CWIP Inc., Buzz Buy’s parent company, contracts with Hunt Brothers Pizza, which has a couple of limited-time pizza offerings: Philly Cheesesteak and Buffalo Chicken. The Philly Cheesesteak product debuted over the summer to much fanfare. It includes white cheddar cheese sauce, slices of beef steak, green peppers, onions and mozzarella cheese.
According to Watson, the addition of the limited-time-only (LTO) pizza was a success. “Anytime we can mix up our menu and offer something new it becomes an attractive draw for us,” he said.
The Buffalo Chicken pizza did similarly well. “I would love to see LTO’s integrated into the menu on a regular basis,” Watson said.
Hunt Brothers said it plans to do just that. The company has a research and development team that is testing other LTO pizza varieties plus other menu items like chicken tenders.
Jill Dreher, owner of a single JD’s Quick Stop convenience stores in Akron, Colo., has not only embraced Hunt Brothers’ limited-time specialty pizzas, but constantly looks for ways to bring new flavors to her consumers. In fact, she adds toppings requested by customers—fajita chicken, pineapple, ham and others—to the standard Hunt Brothers menu to ensure that her offerings reflect local consumers’ tastes.
“Every time they come out with an LTO for a couple of months we do real well with it,” Dreher said. “We do it every year in the spring. It doesn’t seem to cut into our regular pizza sales. Whenever they bring it out, sales are over and above what we would normally sell.”
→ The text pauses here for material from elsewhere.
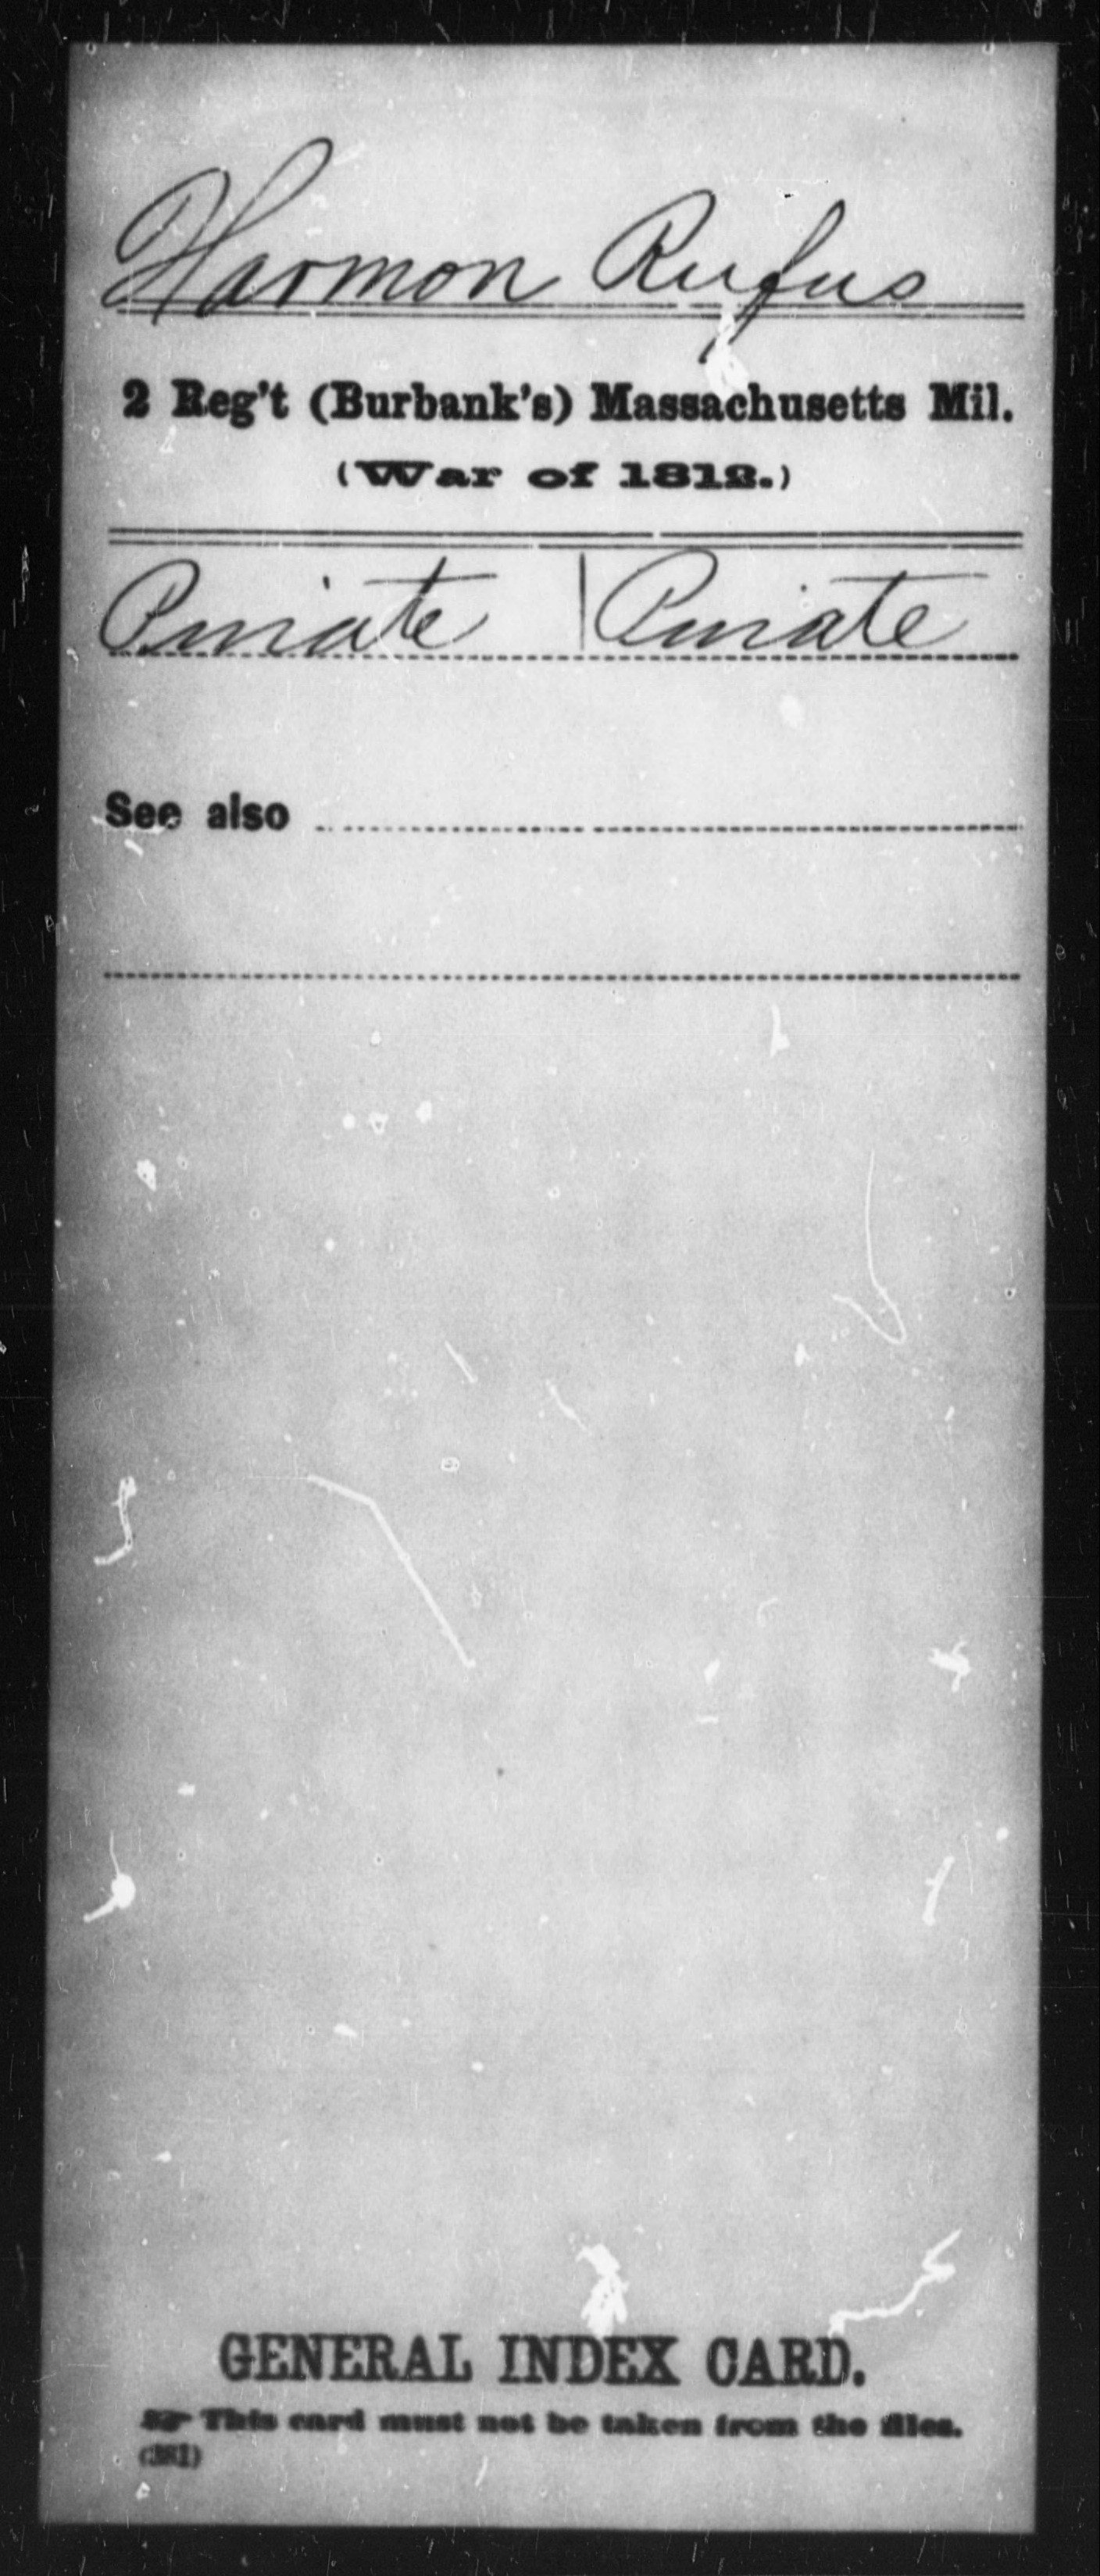 Harmon, Rufus - State: Massachusetts - Regiment: 2 (Burbank's) Massachusetts Mil

At presstime, JD’s had yet to introduce the Philly Cheesesteak product, but Dreher was looking forward to its arrival. In all, pizza accounts for approximately 8% of the three-year-old store’s total sales.
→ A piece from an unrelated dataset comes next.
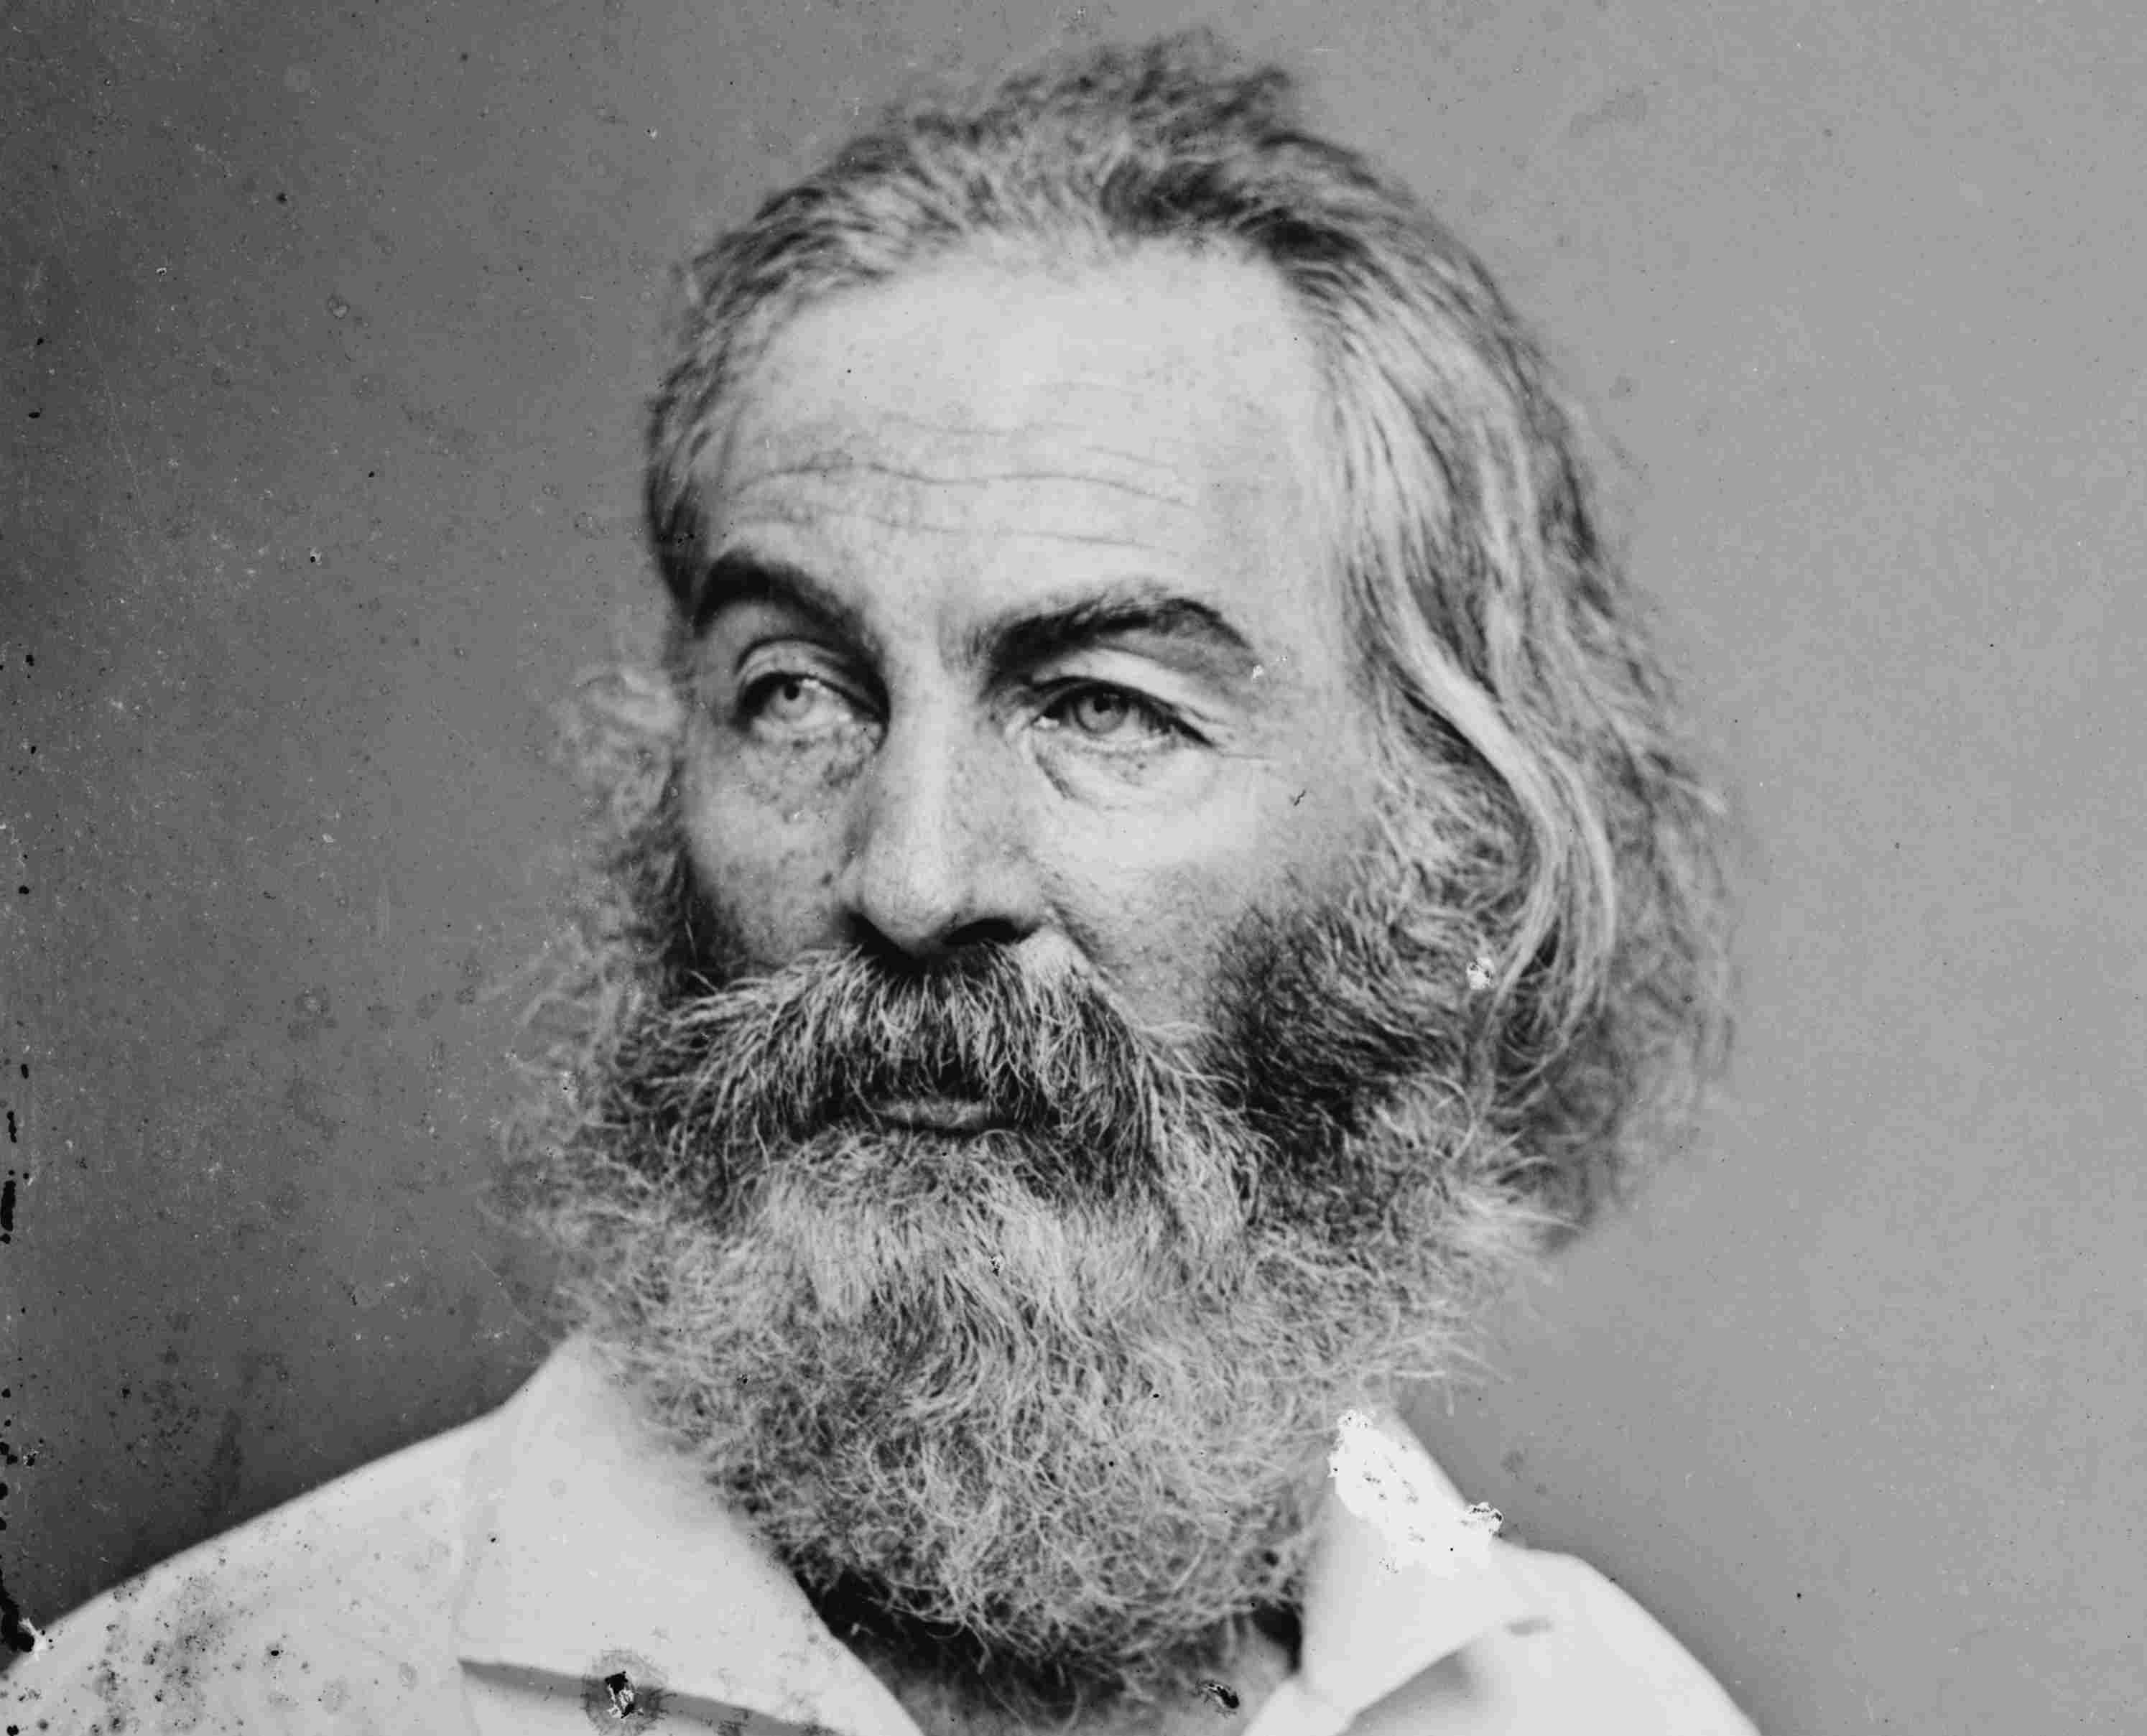 Civil War era photograph of Walt Whitman.

In addition to pizza, JD’s features a small deli area where staffers make proprietary breakfast burritos, freshly made sandwiches and wraps, a chef salads, chicken wings and fresh-baked cookies. Merchandising efforts are limited to a few posters and marketing outside the stores has been minimal, but the foodservice program is trumpeted in a host of local radio commercials.
Pricing for all pizzas is $10 per 12-inch pie and includes any or all toppings. “We are strongly committed to quality and value,” said Dreher. “If somebody orders a supreme pizza they’re going to get a little pinch of everything. If they order simply pepperoni, they’re going to get it smothered with pepperoni.”
Being in a rural area, JD’s customers prefer the old favorites when it comes to pizza.
“Our most popular pizzas are the traditional pepperoni and cheese—nothing exotic” said Dreher. “But we operate in a small town. I would imagine that in bigger college towns you might run into a greater demand for a gourmet product, but for us the old standbys are what we sell the most of and what are most often requested.”
Did You Know…
Today’s pizza consumers are much more likely to order pizza online. According to a Technomic survey of pizza customers 16% said they always or almost always order pizza online and only 47% reported that they never utilize the Internet to order pizza for delivery. Additionally, 20% of those polled indicated that they would like more pizza chains to offer dine-in eating areas, and 38% said they would like these locations to offer drive-through service for pickup and carryout orders.